There are 8 such edges, and they are “flushed” in lines 205-206 of mean.cu

Line 210 sets the counter for currently held 0x5ab edges back from 8 to 0, and there are no more edges to be moved in the leftovers loop at lines 215-227. On the 2080 however, thread 18 makes it to the leftover loop before thread 22 reaches the flush of 8 in the main loop, and it ends up storing these 8 edges twice in group 2d6:

```
$ make cudabug
nvcc -std=c++11 -o cuda19 -DSYNCBUG -DPROOFSIZE=2 -DEPS_A=4 -DEPS_B=3 -DIDXSHIFT=2 -DEDGEBITS=19 -arch sm_35 mean.cu ../crypto/blake2b-ref.c
./cuda19 -U 64 -Z 64 -z 64 -m 4
GeForce RTX 2080 with 7951MB @ 256 bits x 7000MHz
Looking for 2-cycle on cuckaroo19("",0) with 50% edges, 64*64 buckets, 4 trims, and 64 thread blocks.
Using 28MB of global memory.
nonce 0 k0 k1 k2 k3 a34c6a2bdaa03a14 d736650ae53eee9e 9a22f05e3bffed5e b8d55478fa3a606d
group 2f2 size 124
group 2f2 size 124 lid 22 localIdx 1
group 2f2 size 152
group 2f2 size 152 lid 22 localIdx 8
group 2f2 size 152 lid 18 nflush 8
Seeding completed in 0 + 0 ms
round 0 group ad6 edges 268
round 1 group ad6 edges 89
round 2 group ad6 edges 54
round 3 group ad6 edges 28
61360 edges after trimming
2-cycle found
2-cycle found
2-cycle found
2-cycle found
2-cycle found
2-cycle found
2-cycle found
2-cycle found
findcycles edges 61360 time 3 ms total 4 ms
Time: 5 ms
Solution 64f04 64f04
FAILED due to edges not ascending
Solution 65124 65124
FAILED due to edges not ascending
Solution 64b9d 64b9d
FAILED due to edges not ascending
Solution 64d4d 64d4d
FAILED due to edges not ascending
4 total solutions
```

The two __syncthreads(); calls in the main loop are supposed to prevent this. Or am I missing something?!

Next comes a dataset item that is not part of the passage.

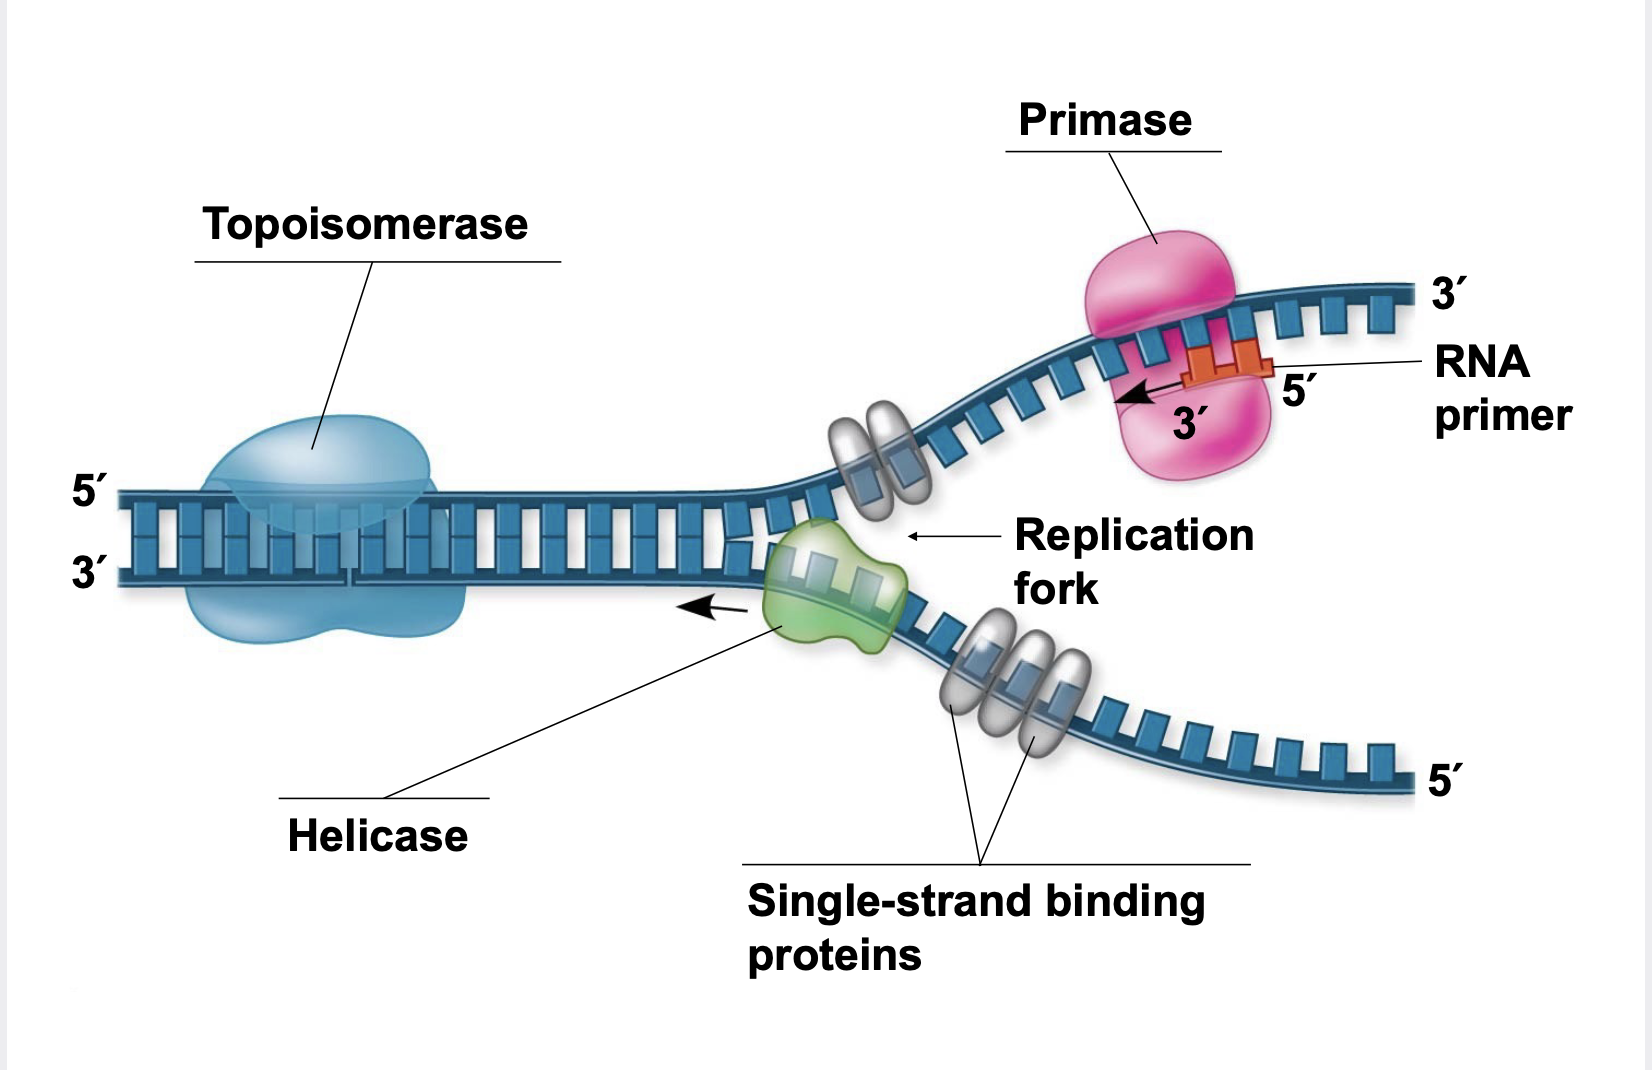 <p>At the end of each replication bubble is a replication fork, a Y-shaped region where new DNA strands are elongating.</p><p>.Helicases are enzymes that untwist the double helix at the replication forks</p><p>.Single-strand binding proteins bind to and stabilize single-stranded DNA</p><p>.Topoisomerase corrects “overwinding” ahead of replication forks by breaking, swiveling, and rejoining DNA strands</p><p>.DNA polymerases cannot initiate synthesis of a polynucleotide; they can only add nucleotides to an existing 3′ end \n .The initial nucleotide strand is a short RNA primer \n .An enzyme called primase can start an RNA chain from scratch and adds RNA nucleotides one at a time using the parental DNA as a template \n .The primer is short (5–10 nucleotides long), and the 3′ end serves as the starting point for the new DNA strand</p>

ADDENDUM: https://docs.nvidia.com/cuda/turing-tuning-guide/index.html mentions this new primitive __syncwarp for Turing:

“Applications that assume reads and writes are implicitly visible to other threads in the same warp need to insert the new __syncwarp() warp-wide barrier synchronization instruction between steps where data is exchanged between threads via global or shared memory. Assumptions that code is executed in lockstep or that reads/writes from separate threads are visible across a warp without synchronization are invalid.”

But that appears to be weaker than syncthreads; and the bug persists after changing to

```
__syncwarp(); __syncthreads();
```

Any thread syncing experts want to weigh in?